In this procedure, the doctor sprays an anaesthetic on your throat to numb your vocal cords. Then, he or she puts a scope down your nose and into your throat. Laser beams with very high energy are used to get rid of the lesion. The laser is built into the tip of the scope.
This procedure doesn’t take long, and most patients have reported minimum discomfort. Because the laser can be used with great accuracy and is made to remove the lesion without causing bleeding, there is a low chance that it will come back or cause other problems.
Excision With Microlaryngoscopy
If a lesion on your vocal cords is big or in a place that is hard for your doctor to reach, they may use a procedure called micro-laryngoscopy to remove the nodule. This usually takes between 30 and 60 minutes and is done in the operating room under general anaesthesia.
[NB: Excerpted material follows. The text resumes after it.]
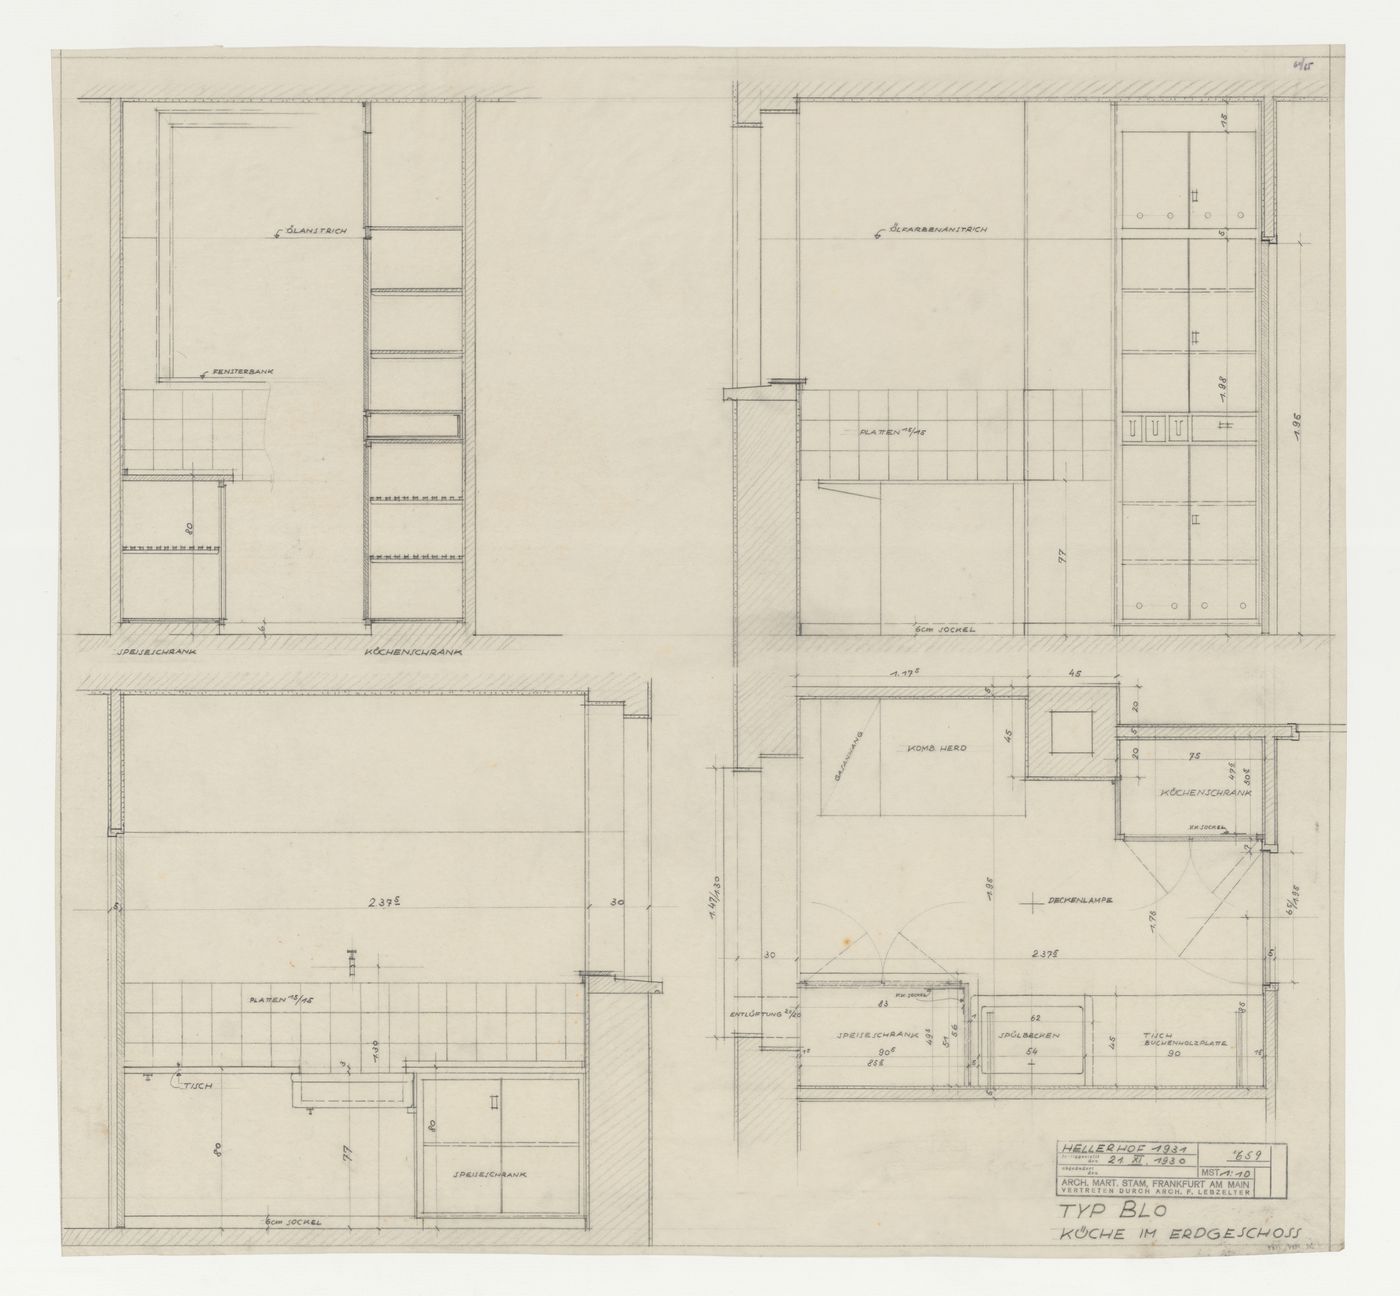 Ground floor plan and elevations for a type BLO kitchen for housing unit, Hellerhof Housing Estate, Frankfurt am Main, Germany

During a micro-laryngoscopy, your doctor uses equipment called a laryngoscope to look at your vocal cords through your mouth. This tool gives you high-quality images that can be enlarged to show every detail of your vocal cords and the areas around them. The lesion is then removed by the surgeon with tiny surgical tools. You won’t need stitches, and you should be able to go home the same or the next day.
Complications Of Surgery
During laryngoscopy, the most common problems are a numb tongue, a change in taste, and small injuries to the teeth, mouth, and pharynx.
Other risks include the chances that the patient’s voice will get worse, that they will bleed, get an infection, hurt their teeth, or hurt their oropharynx (throat), and, most importantly, that they will get scars because they cut too much tissue or because of how they heal.
Vocal cord function gets better over time after surgery. Voice therapy is a key part of getting better. Most ENT surgeons will advise seeing a speech therapist after treatment has concluded. This helps the patient restore as close to their normal voice as possible.